Pelatih asal Jepang, Satoru Mochizuki, mengapresiasi performa timnya. Ia menekankan pentingnya konsistensi taktik serta semangat juang yang ditunjukkan oleh para pemain, terutama Sheva Imut yang menjadi figur kunci dalam kemenangan ini. “Kami bangga dengan kerja keras seluruh skuad. Sheva menunjukkan kualitas individu yang luar biasa, namun kemenangan ini hasil kerja tim yang solid,” ujar Mochizuki dalam konferensi pers pasca pertandingan.
Susunan pemain Indonesia dalam laga tersebut meliputi: Iris De Rouw; Gea Yumanda (Remini 46′), Vivi Oktavia, Allya Afianti, Emily Nahon; Helsya Maeisyaroh, Viny Silfianus (Nafeeza Nori 61), Rosdillah Nurrohmah (Isa 46′), Sheva Imut; Claudia Scheunemann, Shifana Nadhifa (Aulia 46′).

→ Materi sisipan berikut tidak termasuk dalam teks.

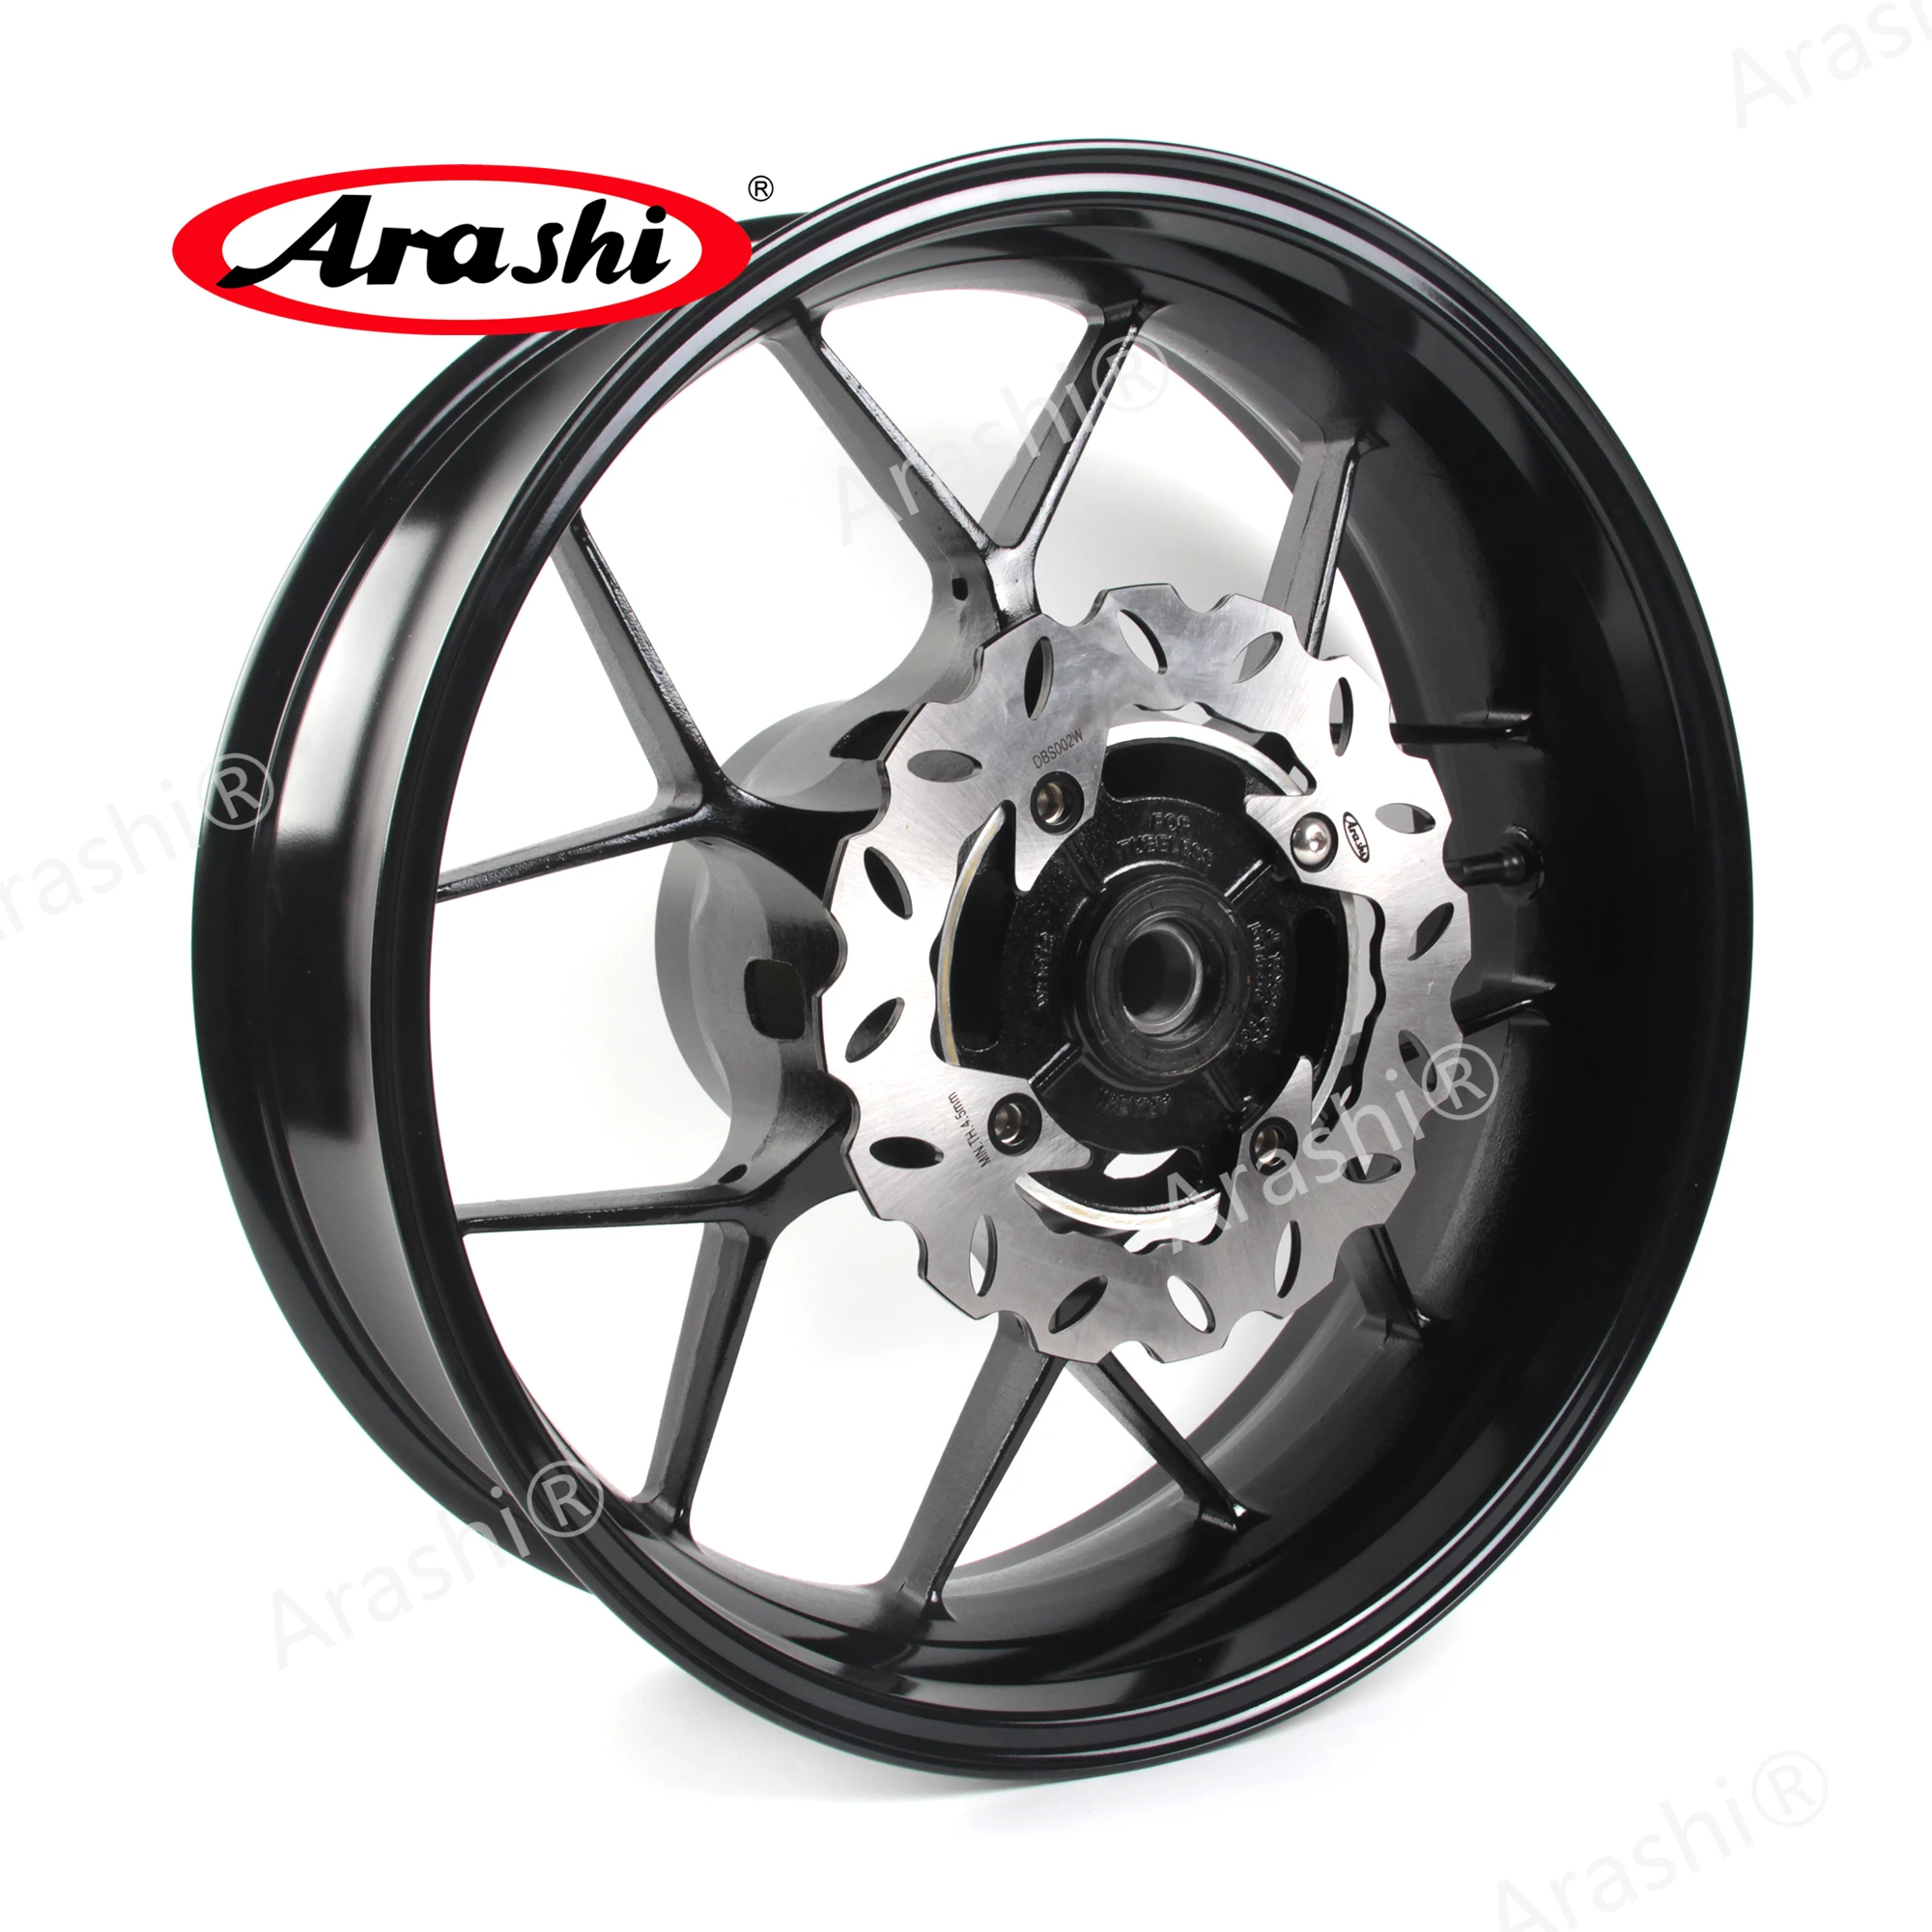 

Arashi 1 комплект задний колесный обод задний тормозной диск ротор для HONDA CBR1000RR CBR1000 CBR 1000 RR 2006 2007 2008 2009 2010 2011 - 2016

Sementara Kaledonia Baru menurunkan susunan yang tidak diungkap secara lengkap dalam laporan resmi.
Kemenangan 4-2 ini menandai pencapaian penting bagi Timnas Putri Indonesia, yang terus mengukir prestasi di kancah internasional. Penampilan gemilang Sheva Imut, yang mencetak tiga gol (brace plus satu gol tambahan), menegaskan posisinya sebagai bintang muda yang patut diperhitungkan. Di samping itu, kontribusi Emily Nahon dan Claudia Scheunemann menunjukkan kedalaman skuad yang mampu memberikan dampak signifikan dalam kompetisi.

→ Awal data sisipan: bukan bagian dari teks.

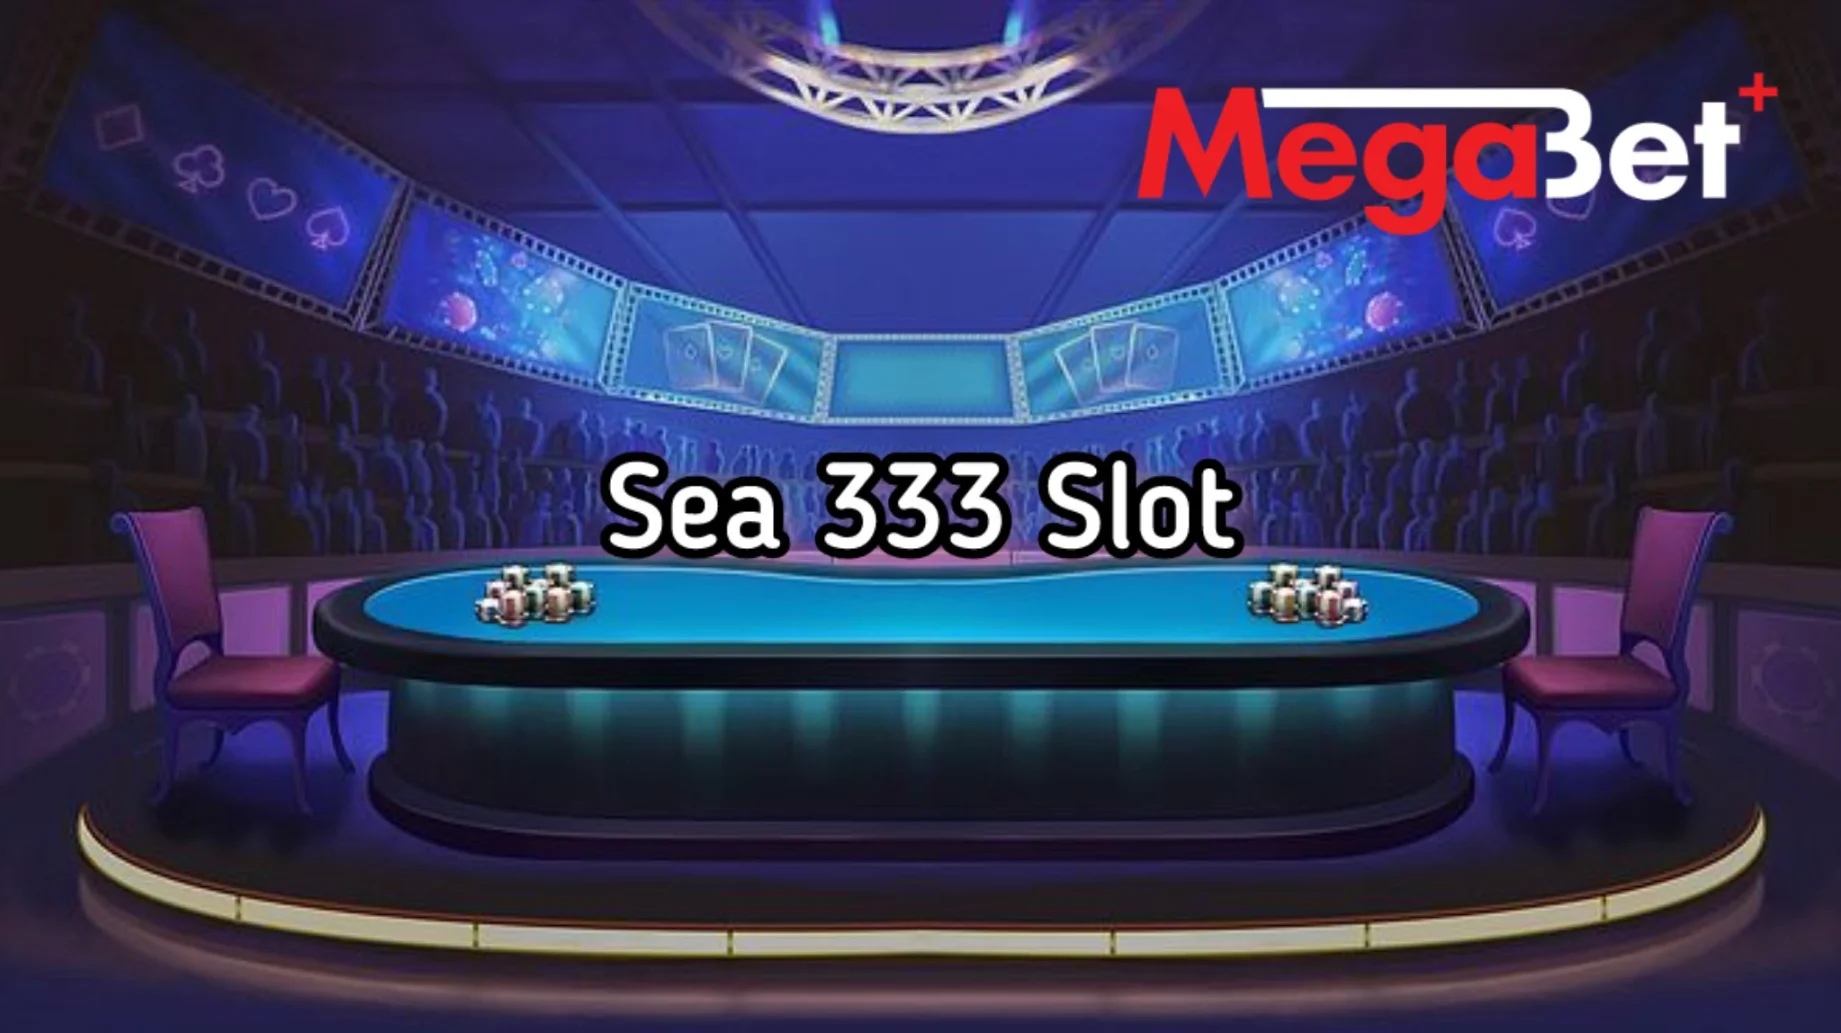 เข้าร่วมสนุกกับเกมสล็อต sea 333 slot และชนะรางวัลใหญ่ทุกวัน!

Keberhasilan meraih posisi ketiga di FIFA Series 2026 diharapkan dapat memperkuat motivasi tim jelang kompetisi berikutnya, termasuk kualifikasi Piala Dunia Wanita 2026. Selain itu, pencapaian ini memberikan dorongan positif bagi pengembangan sepak bola wanita di Indonesia, meningkatkan eksposur media, dan menarik dukungan lebih luas bagi program pembinaan pemain muda.
Secara keseluruhan, pertandingan ini tidak hanya menjadi ajang kompetisi, tetapi juga simbol kebangkitan sepak bola putri Indonesia di panggung dunia. Dengan dukungan pelatih, staf, dan suporter, Garuda Pertiwi menunjukkan bahwa mereka siap bersaing dan meraih prestasi lebih tinggi di masa depan.